Recommended listening: Hmm, let’s go with… Ah, I got nothing for today. Come back tomorrow?
Hope you’re having a good weekend, wherever you are! Mine was, perhaps predictably, rather quiet. I watched some YouTube, played some video games, washed some clothes and some brains… Did a little grocery shopping, picked a vacuum cleaner that I was supposed to pick up before my apartment inspection earlier in the week, but they didn’t have it ready for me to pick up even though I ordered it a week in advance, so I had to borrow my friend’s- ahem. But yeah, other than that, I haven’t really been up to much! Weekends are pretty quiet for me in general these days – unless someone invites me to do something, I’m unlikely to set something up myself tbh. I just feel like my place isn’t really set up very well for entertaining – it suits me perfectly fine, but any more than, like, one person… might be a bit of an issue.
I’ve enjoyed that my past couple blogs have managed to keep the thread of hornyposting going – and I’d like to keep that up today, even if I don’t have a specific topic in mind.
I was thinking earlier about the nature of my submission, and how lucky I am – not to be owned, I know full well that had nothing to do with luck! It’s the product of the combined efforts of both Mistress Charlotte and myself, and I’m grateful for it every day. No, the reason I think I’m lucky is, believe it or not, the time I was born in! Seriously – if it weren’t for the internet, I don’t know if I ever would’ve picked up on my desire to submit. I mean, obviously I don’t know, that would be a completely different life as a completely different person, but you know what I mean. I’d never have found out about this one hypnotic Mistress on the other side of the world, or even the concept of erotic hypnosis at all! And more than that, I’d never have realised how many other submissive men there were out there. Hell, I wouldn’t’ve even realised I was one of them! It’s obviously a huge part of my life now, but at least as far as I can recall, there wasn’t really much of anything in my early / “offline” life that would’ve led me towards discovering my submission.
I’d probably be really into, like, rugby or something. Or carpentry, or getting drinks with the boys, something stereotypical. And maybe, every once in a while, I’d feel like something was… missing. Like something just wasn’t quite right. Maybe I’d kneel down to tie a shoelace or something and suddenly feel the urge to just stay down there.
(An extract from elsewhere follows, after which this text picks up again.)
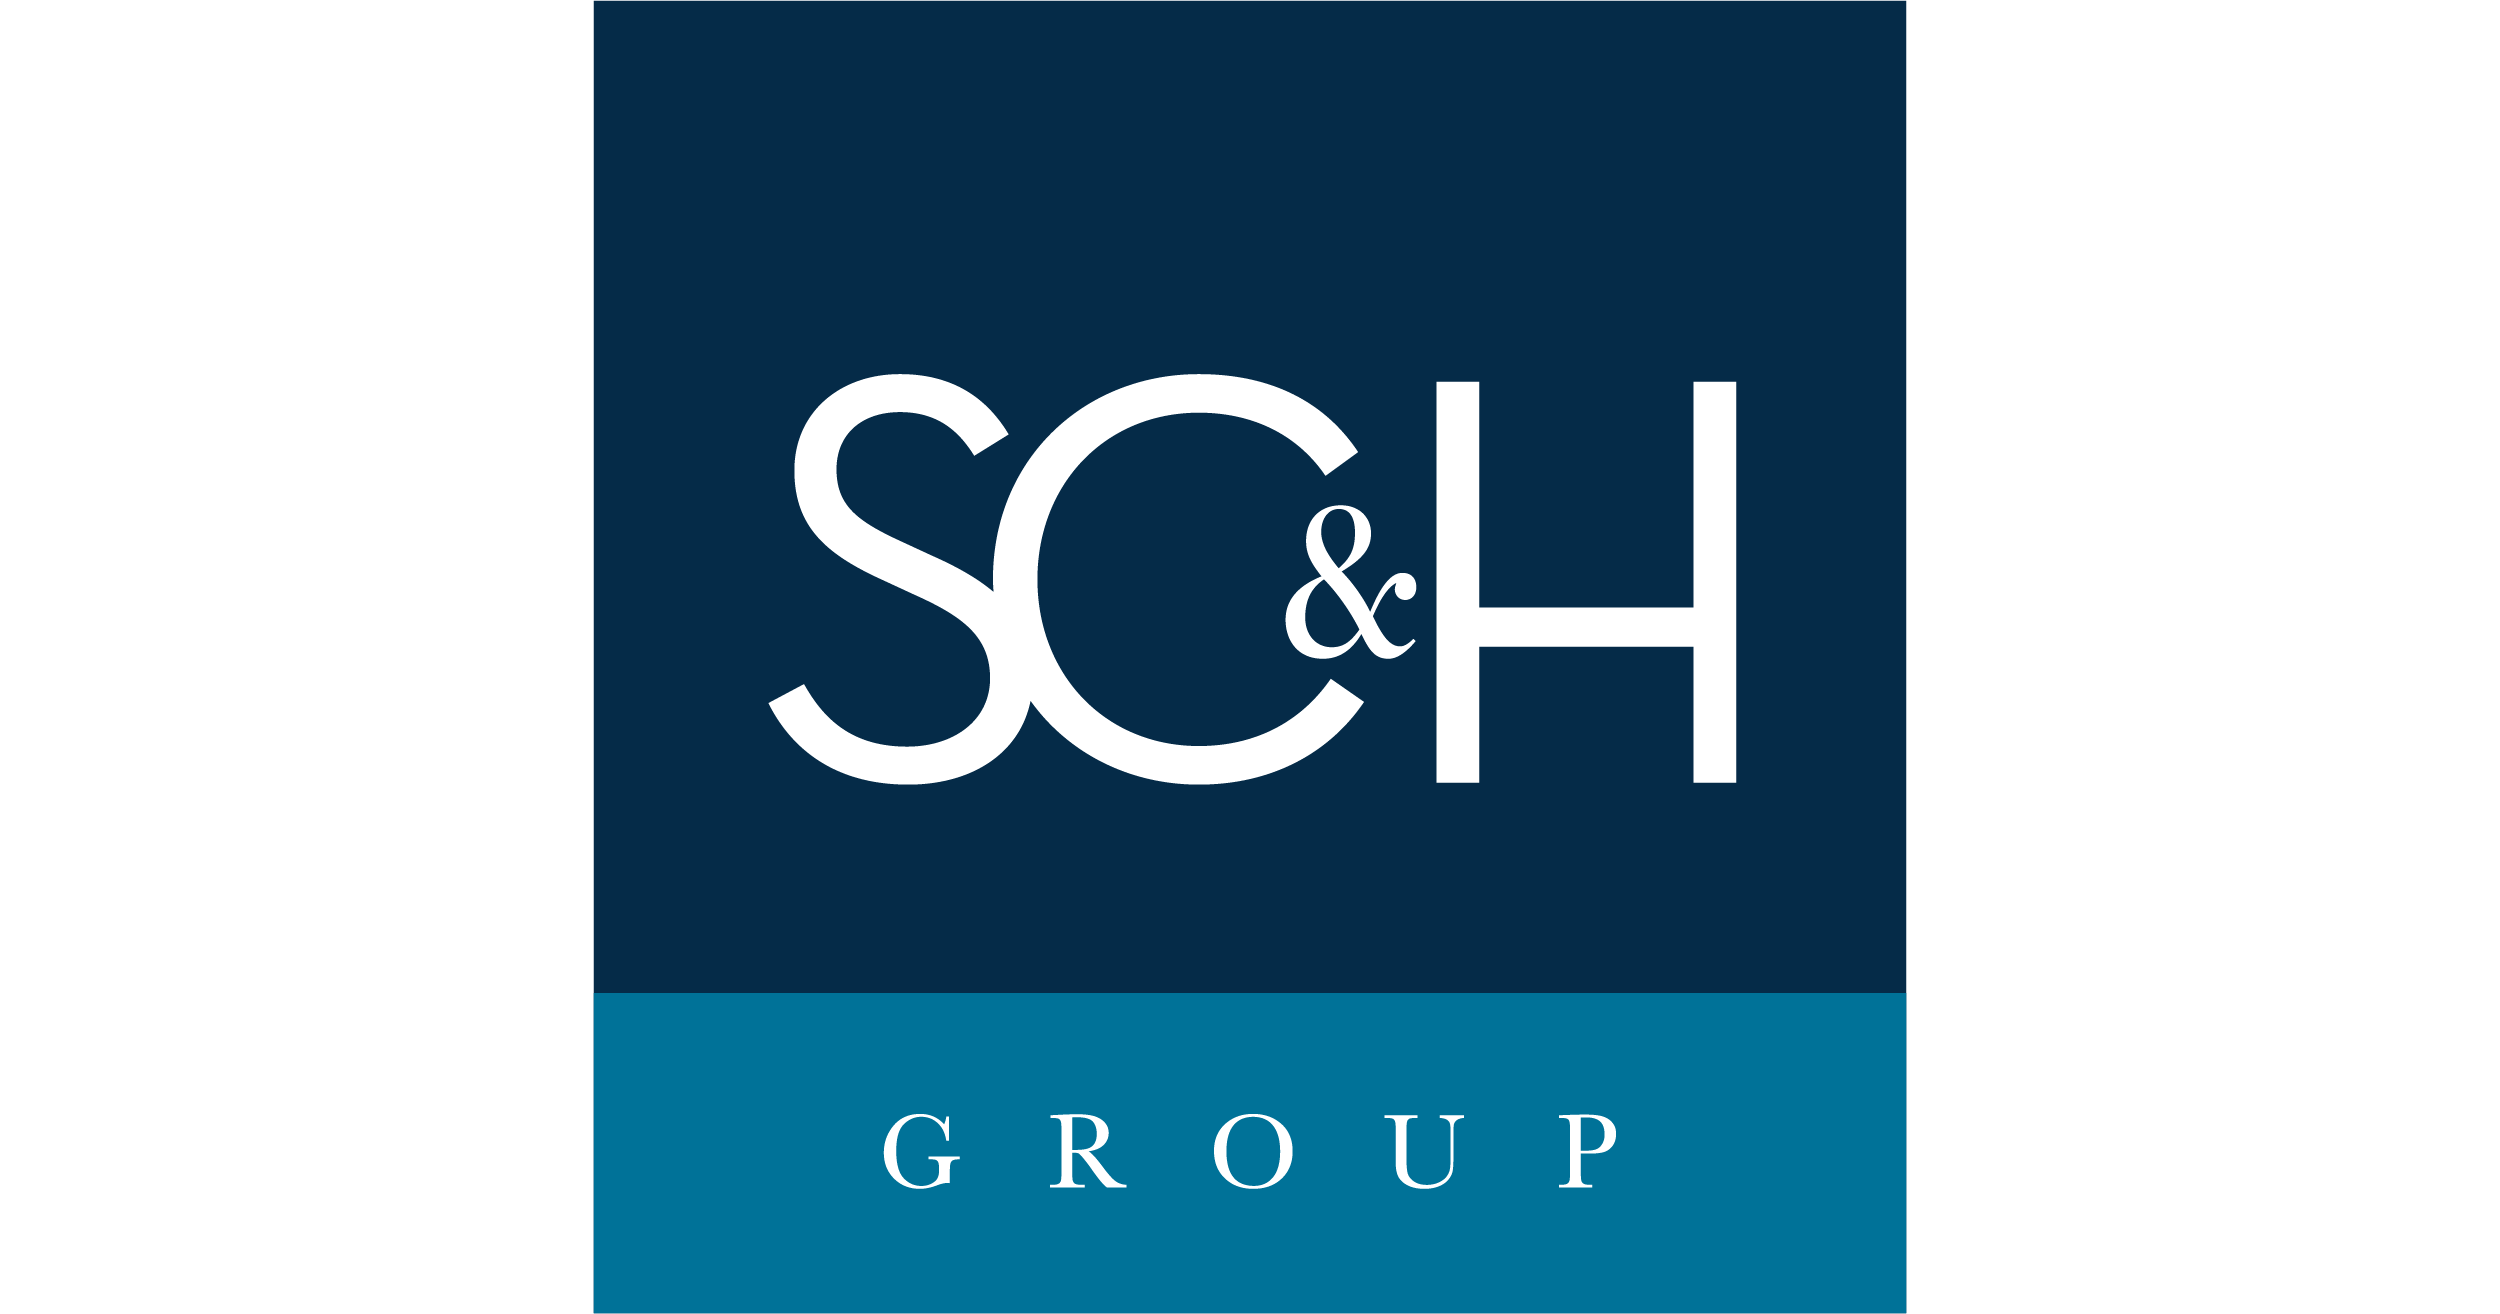 SCH-Group-Logo-2018
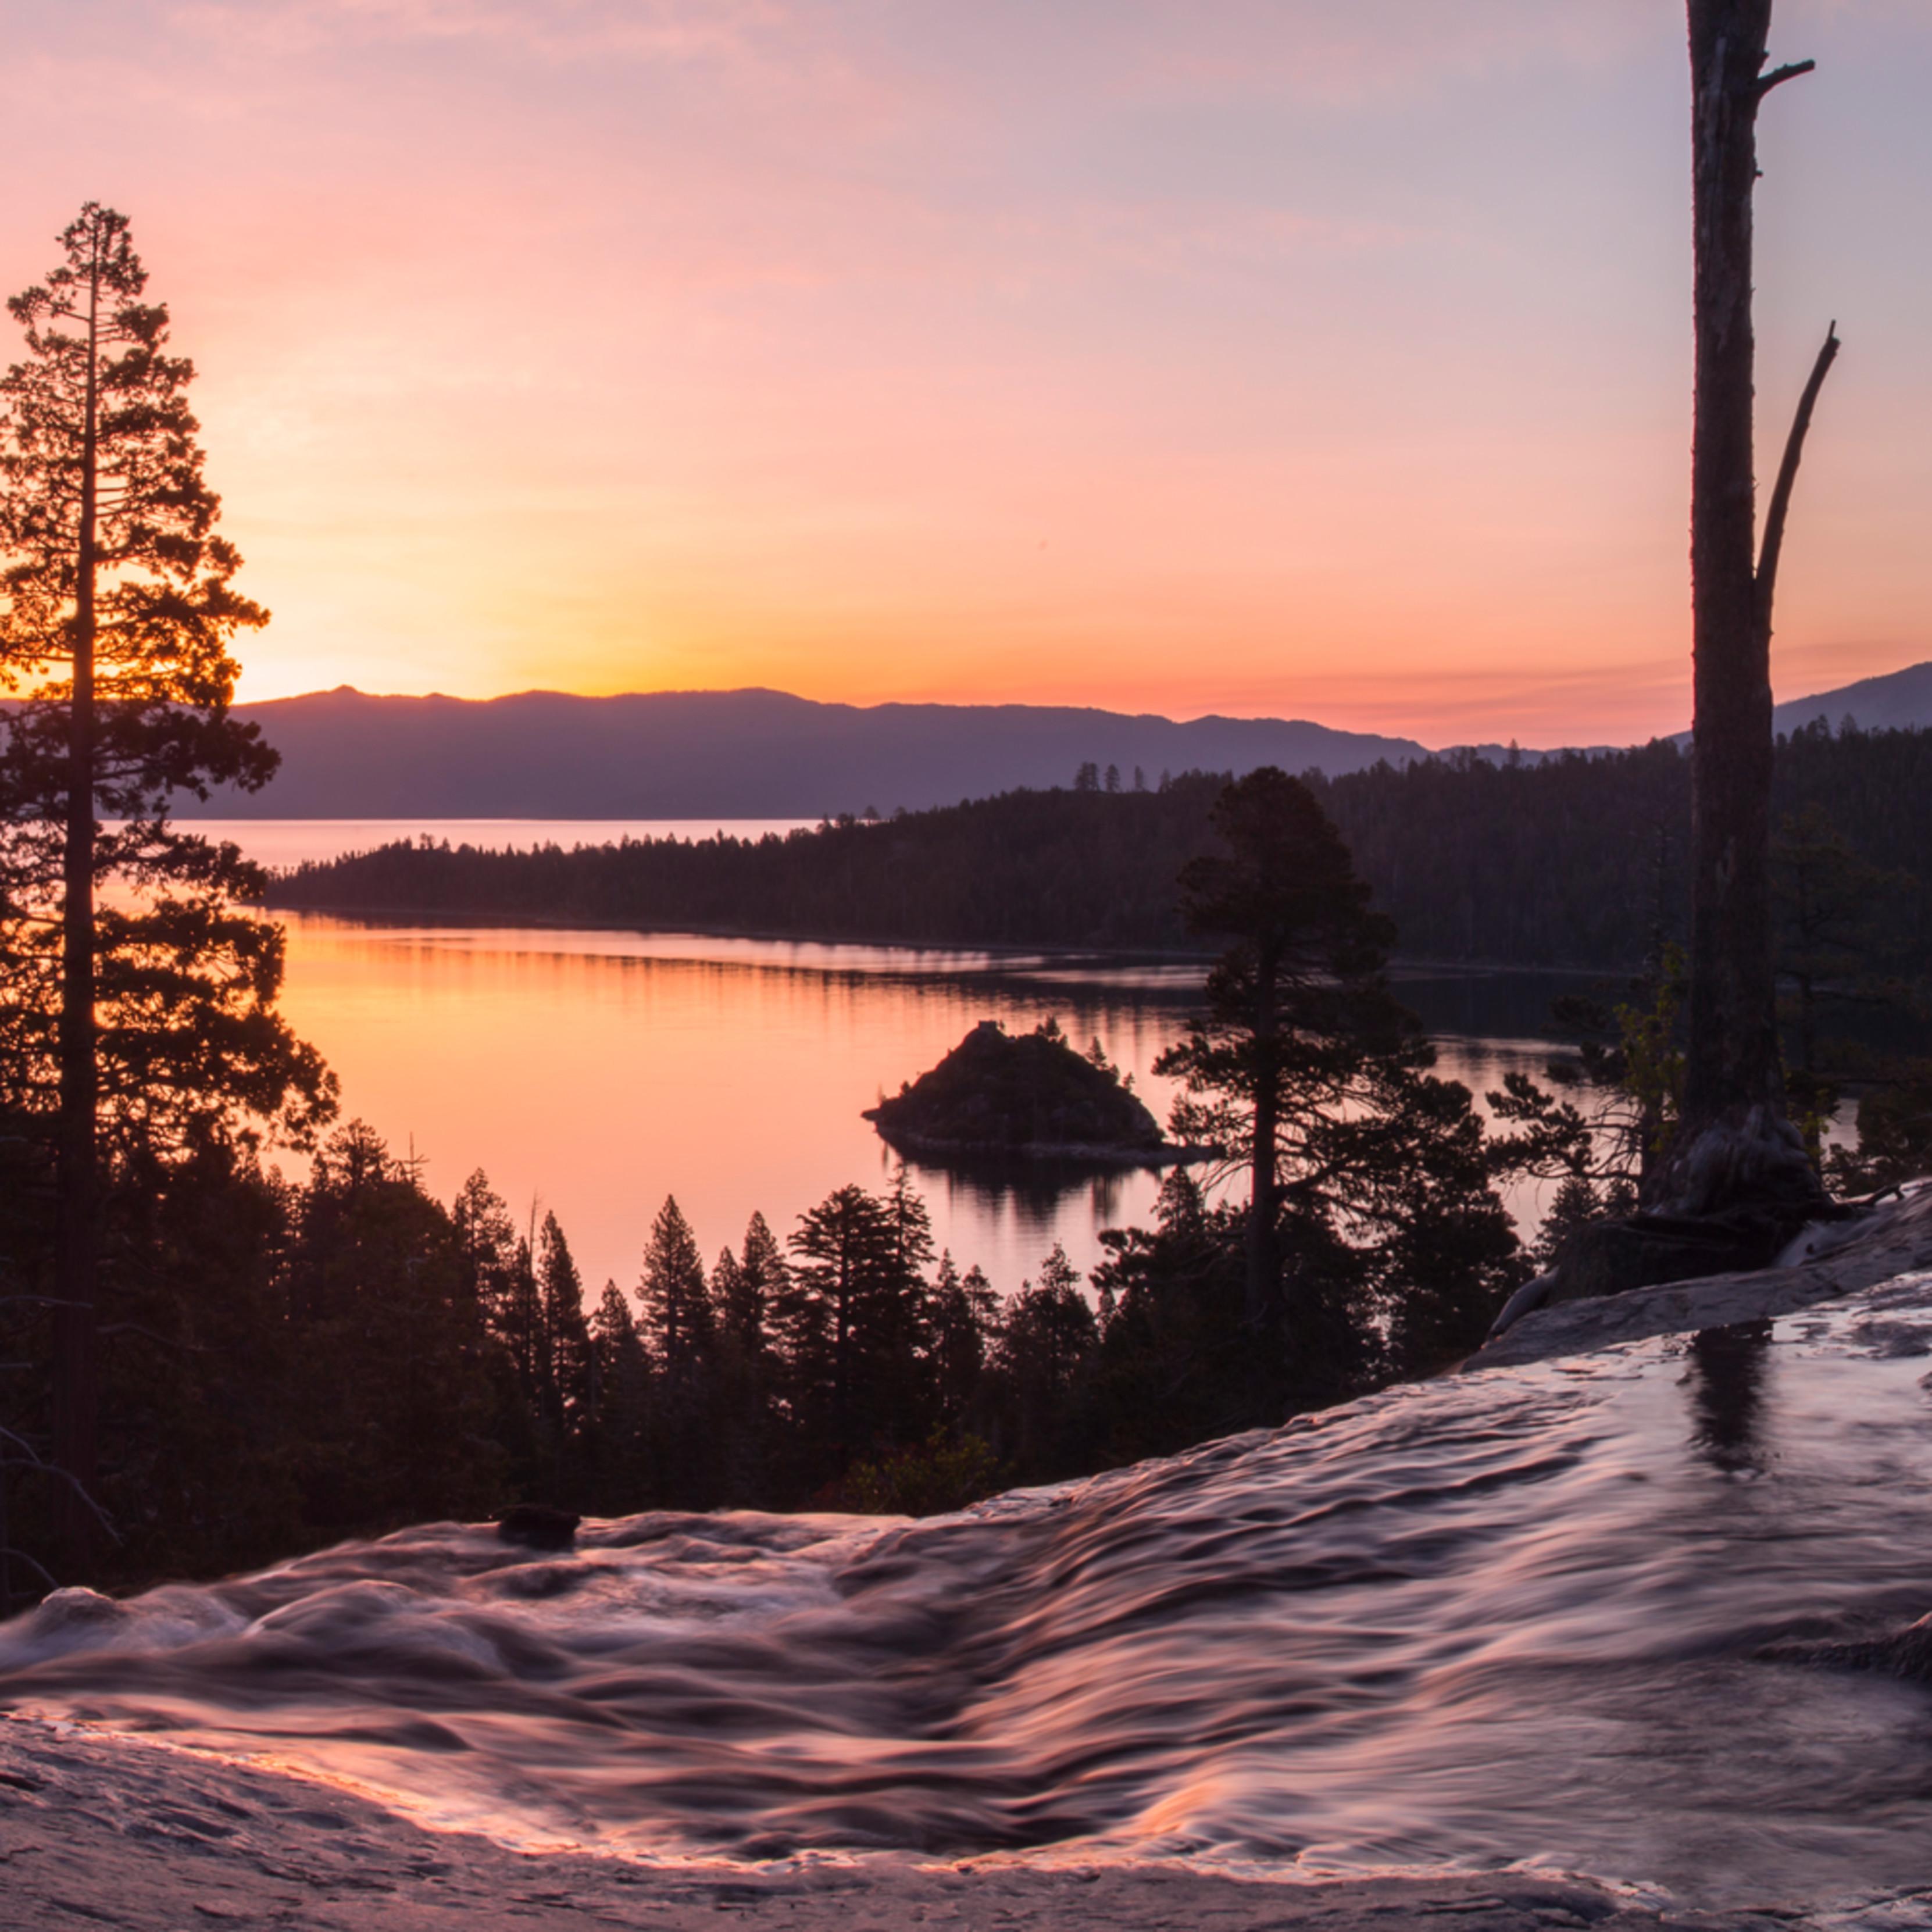 Eagle falls sunrise warm picypw

Perhaps I’d see a woman walking a dog and feel a pang in my heart, my brain not knowing why, while my subconscious is fully aware it should be me in the collar and leash. I just think… it’s sad. That somewhere out there, in some alternate timeline, there’s an alternate slut who doesn’t even know he’s meant to be a slut. Who, maybe, doesn’t even know he can submit to women, has never heard that submission is good and true and real. And maybe there’s some great thing he’s got going on that I’ve got no clue about – but from where I’m standing, I pity the poor bastard.
And, like, jokiness aside – I really am grateful to have stumbled upon this little community of like-minded weirdos. I know kinky people have existed for as long as, well, there have been people – but personally, I don’t know how or if I’d have ever gotten into the scene without the internet. As I’m sure more kink-educated people than me have commented on a million times – you really don’t see much in the way of male submission in the mainstream world. It’s slowly spreading – I hear good things about Love & Leashes on Netflix, for instance – but even then, I’d be unlikely to see something like that and assume it was ever possible to do in my own life. Frankly, I still get a bit like that now – I look back over things I’ve done with Mistress Charlotte, things we’ve said, photos from my in-person session with a domme – it does kind of amaze me to see how far I’ve come. And I’m always looking forward to how far I’ll go. Thanks for reading.